Built in the traditional Nagara style, the temple will be 380 feet long (east-west direction), 250 feet wide, and 161 feet high. Each floor will be 20 feet high and have a total of 392 pillars and 44 gates.
Ram Path
To facilitate devotees to reach this temple, the government has redeveloped four roads, including the 13-km Ram Path from Sahadatganj to Naya Ghat Chouraha - for which partial demolition of a large number of shops, houses, and other buildings was carried out.
The widened Ram Path with uniform facades of buildings on both sides, ornamental lamp posts bearing a design representing the traditional 'Ramanadi tilak', and the 40 Surya Stambhs installed along Dharm Path and the Lata Mangeshkar Chowk are new tourist attractions in the town.
New hotels
Anoop Kumar, who runs Hotel Shri Ram Bhawan near Asharfi Bhawan, says people earlier visited Ayodhya, but "very few stayed for a day, let alone a longer duration".
"Earlier, people visited Ramjanmabhoomi, Hanumangarhi temple, Kanak Bhawan, Asharfi Bhawan, and left the same day. Now, visitors want to stay for a day or even longer to explore other places like Ram ki Paidi, Surya Kund, and other temples," he told PTI.
Then and now
Kumar, who built this property in February 2023, said a large number of new budget hotels, lodges, and homestays have sprung up in the city after the 2019 Supreme Court verdict paved the way for the Ram temple.
"The Mandir-Masjid dispute had halted the city's growth.
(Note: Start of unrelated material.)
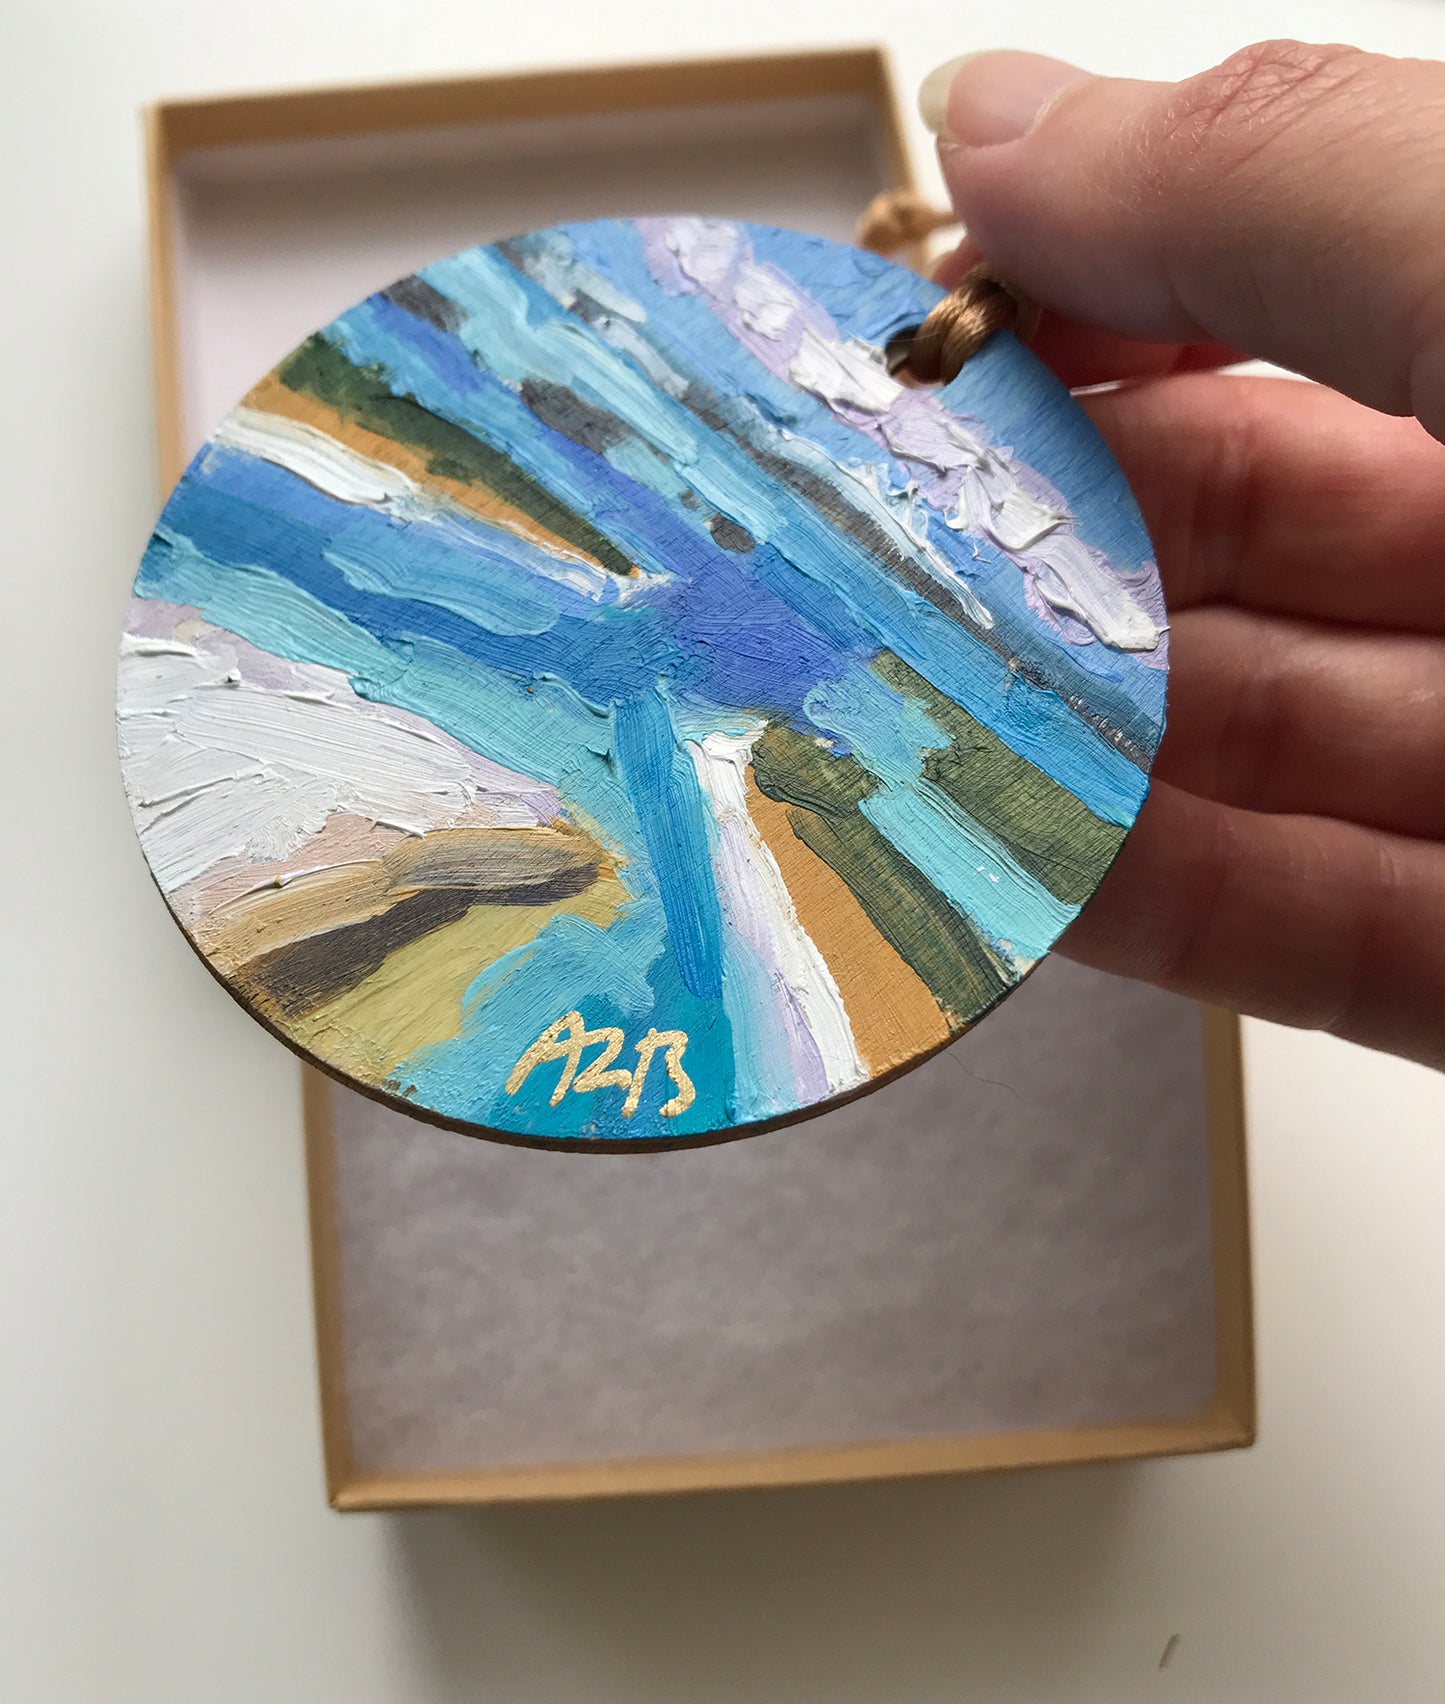 2022 Bunces Pass, Tampa Bay and Skyway Bridge Hand Painted Ornament

But the construction of the temple has driven the infrastructure push which in turn has fuelled Ayodhya's growth story," he said.
Businesses boom
Prabharaj Palace, a new lodge that was opened a couple of months ago in Begumpura area, has mounted a banner-size poster of the Ram temple in its lobby.
"The excitement that preceded the 'Pran Pratishtha' ceremony had pushed our business, and it is expected to grow for the next several months," Deepak, a managerial staff at the lodge, told PTI.